Seeing that Reagan was on the verge of a startling policy pronouncement, the reporters asked four more times whether he wanted to topple the Sandinistas. < But now the President bobbed and weaved, aware of the uproar that such a declaration would cause. The Administration would not seek to overthrow the Sandinistas, he explained, if they agreed to "say Uncle" and put in place a more pluralistic form of government that would include the contra rebels who have been fighting the Marxist-Leninist regime. "You can say we're trying to oust the Sandinistas by what we're saying," he noted opaquely, and returned to his oral bashing of the Nicaraguan regime. "I don't think the Sandinistas have a decent leg to stand on. What they have done is totalitarian; it is brutal, cruel."
Reagan's remarks were part of a concerted effort to pressure Congress into restoring aid to the contras. Congress has specifically barred the use of U.S. funds "for the purpose of overthrowing the government of Nicaragua." Last October the lawmakers voted $14 million for the reb-els, but stipulated that the money not be spent until Congress took a second vote this March.
That vote now looms large not only to Reagan but to the Nicaraguan combatants. A decision to release the funds would mean lifeblood to the contras. A vote not to would be an enormous morale boost to the Sandinistas. Each side knows that a successful major offensive in the next few weeks could help sway fence-sitters on Capitol Hill, and fighting has accordingly intensified. The fitful guerrilla war has spread to eight of the country's 16 departments, and the death toll is mounting. In the first two weeks of February alone, the Sandinistas claimed 189 contra casualties.

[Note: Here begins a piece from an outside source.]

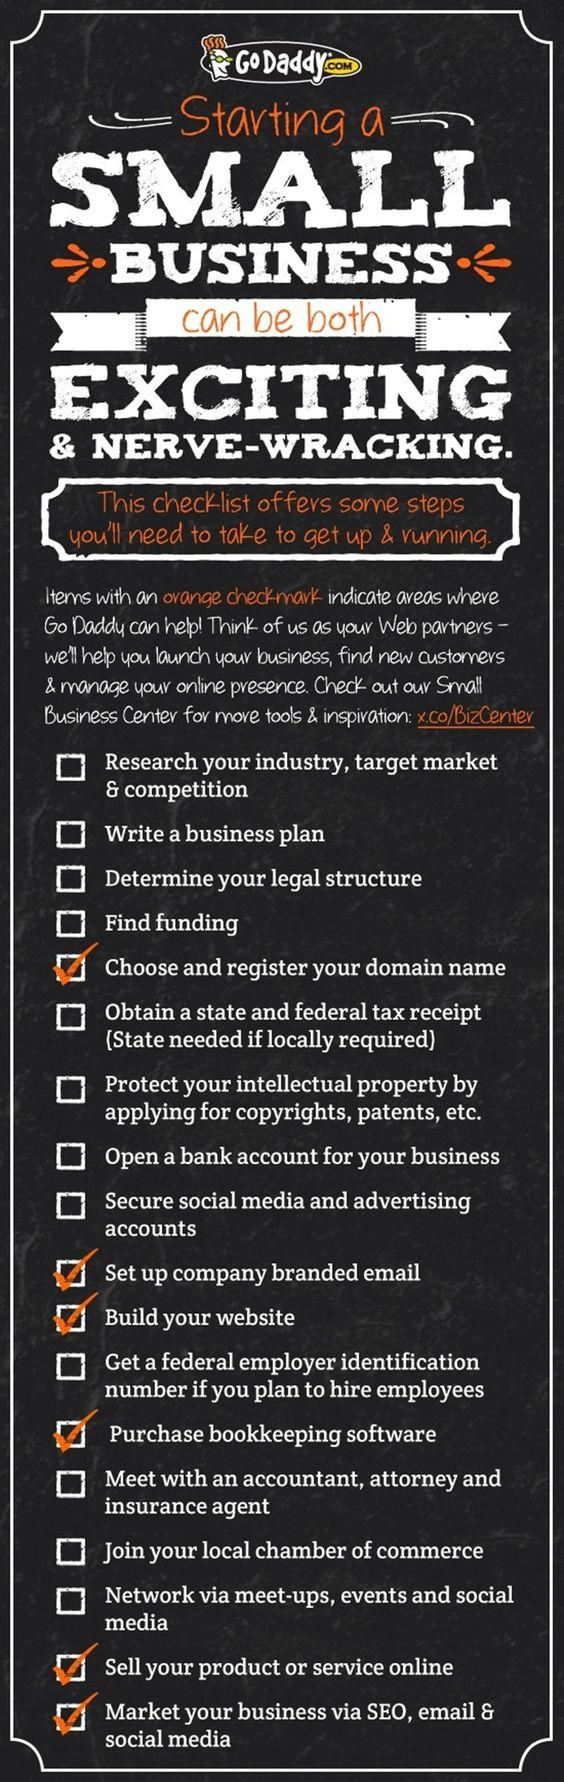 Online Business With GoDaddy -  - GoDaddy Renewal Promo Code
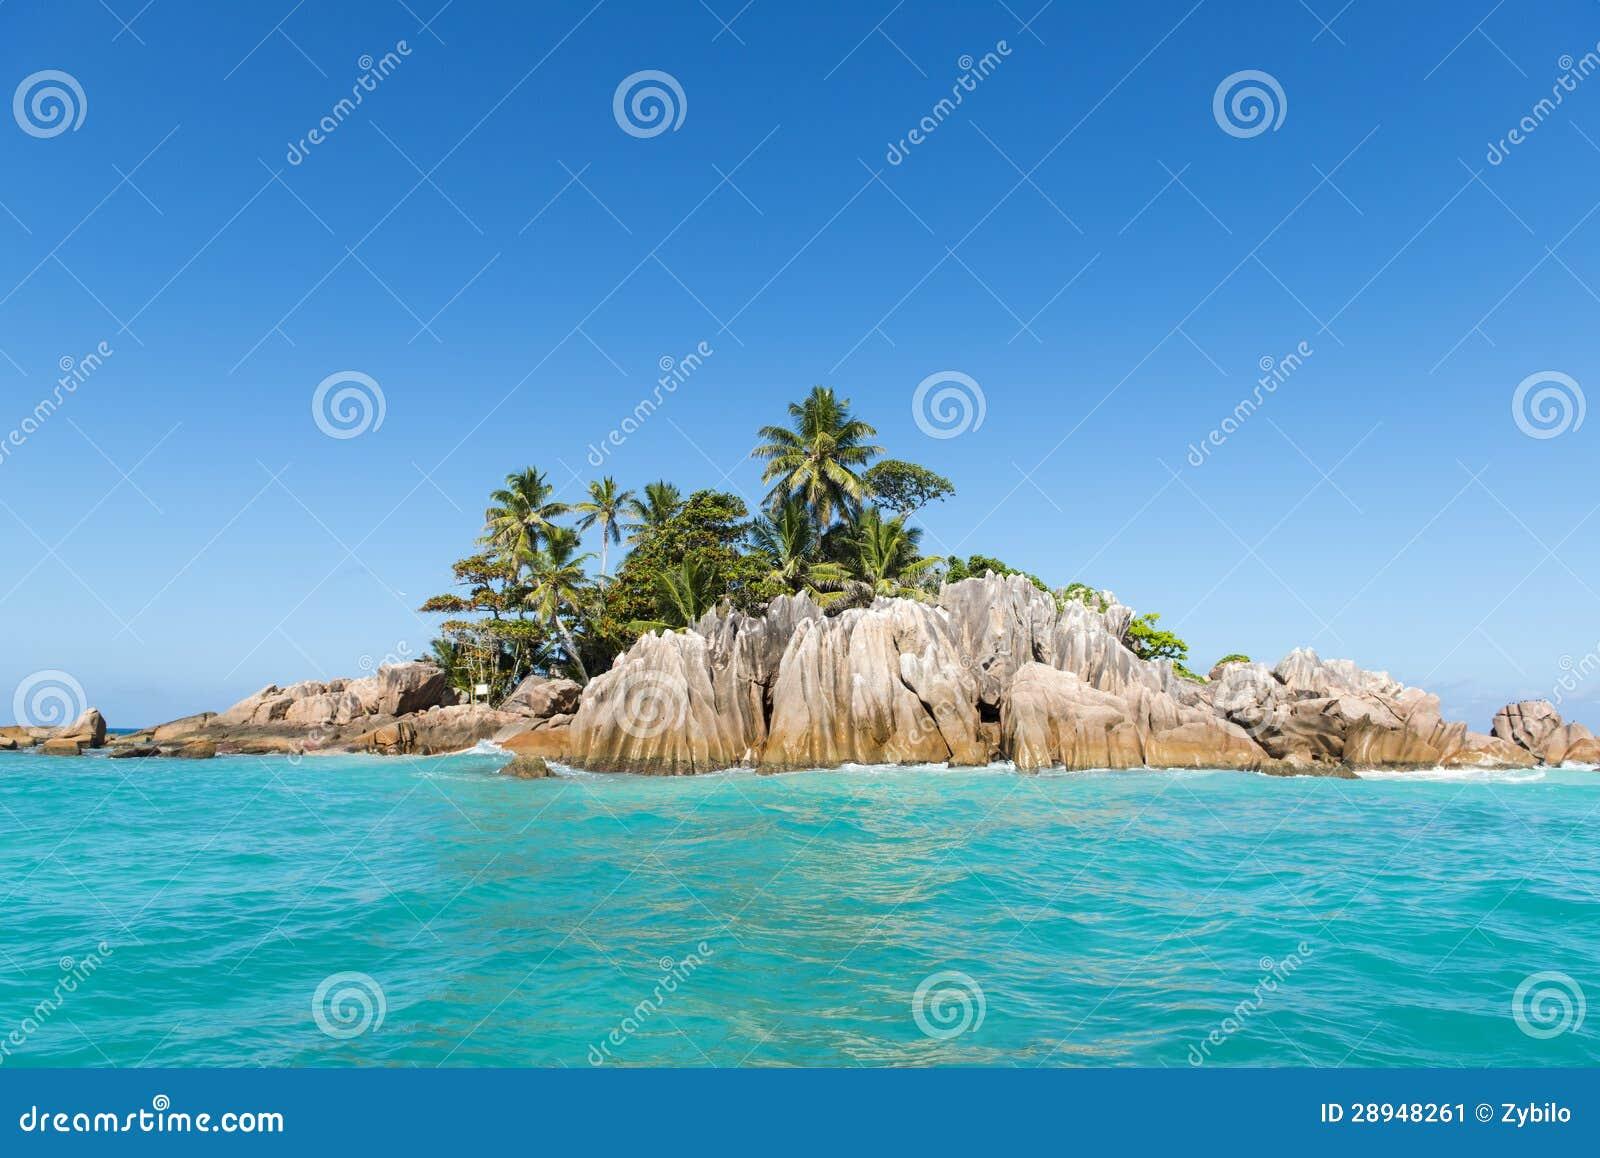 Île tropicale. Station balnéaire exotique calme

To win the war of public opinion at home, Reagan is resorting to a tactic used by all Presidents: taking his case straight to the country. He launched the p.r. drive in a radio address two weeks ago. Reagan called the contras "our brothers" and compared them to such "freedom fighters" as Lafayette, Steuben and Kosciuszko, the French, German and Polish officers who fought with the American colonies during the Revolutionary War. Secretary of State George Shultz joined the offensive at a congressional hearing last week. He declared that the U.S. had a "moral duty" to rescue the people of Nicaragua, who had fallen "behind the Iron Curtain." That statement seemed a bit hyperbolic. It is not established that the Sandinistas take their orders from the Kremlin the way the East bloc countries do. But it is clear that they are mightily beholden to the Soviets for a steady stream of aid and arms, and highly attentive to the Cubans.